Woodyanders Professor Carr (stolid Jacques Herlin) and his assistant Lois (the luscious Malisa Longo) are kidnapped by an army of evil robots. It's up to stalwart Captain John Boyd (the hopelessly wooden Antonio Sabato) and his intrepid crew of space rangers to save them. Totally all-thumbs director Alfonso Brescia allows the pace to plod along at a sluggish pace and stages the action scenes with an alarming lack of skill and finesse. The tacky (far from) special effects, Silvio Fraschetti's cruddy, grainy cinematography, the rusty tin-eared dialogue (choice line: "So, you have a plan; perhaps you're planning on murdering everybody"), Marcello Giombini's goofy synthesizer score, the uniformly terrible acting from a dreadful cast, the bland, talky cookie cutter script, and the lousy dubbing all add immensely to the overall deliciously cheesy fun. Sabato makes for a singularly colorless and underwhelming lead. Giacomo Rossi-Stuart as the stoic Roger, Aldo Canti as the bald, benign Kuba the Alien, and Dino Scandiuzzi as the eager young Jack are all likewise pretty bad. At least the cute Yanti Somer as the gutsy Julie and the ravishing Longo as the treacherous Lois supply some tasty eye candy. Campy highlights include a couple of sub-"2001" spacewalk scenes, two uproariously pathetic "Star Wars"-inspired laser swordfight sequences, and the spectacularly shoddy protracted spacefighter battle sequence which serves as the film's less-than-thrilling climax. Moreover, the evil robot army is quite funny: they're a bunch of guys wearing silver lame outfits and sporting retro 60's British invasion band moptop wigs. An amusingly awful gut-buster.

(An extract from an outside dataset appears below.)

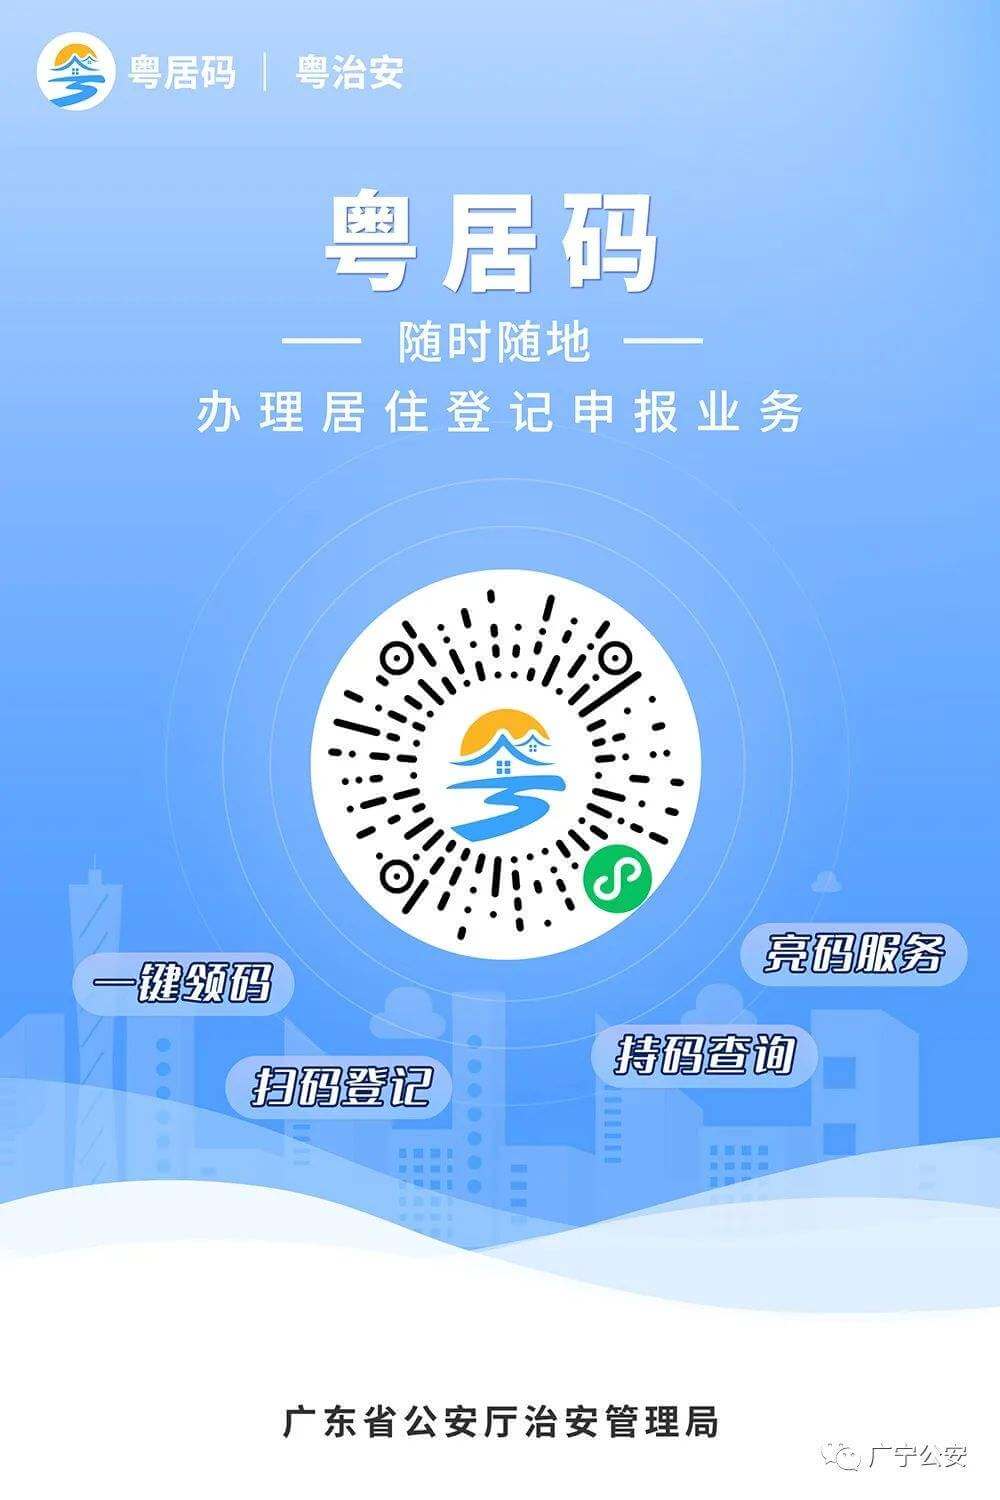 Новый код для жителей провинции Гуандун "粤居码". Нужно ли скачивать?

Jonny_Numb Call me crazy, but I found "War of the Robots" to be a campy charmer. While the plot--involving a crazy professor and an "empress" (who looks like Zora Kerowa's evil twin), a league of blind alien beings, and a league of Aryan robots--is negligible, the film possesses a low-budget spirit that carries it quite a ways. Sure, it feels like a rip-off of "Star Wars," "Star Trek," "Dark Star," and even "Cave Dwellers" (which came a few years later), but it's low-budget fun in the same way that playing with "A-Team" action figures was fun when I was 5. That, and the atrocious special effects, lousy dubbing, chintzier sets, and sci-fi tropes (ray-guns that are really nothing but souped-up flashlights) makes "War of the Robots" especially juicy for a MST3K-style skewering with a group of friends (one wonders how this avoided the Satellite of Love).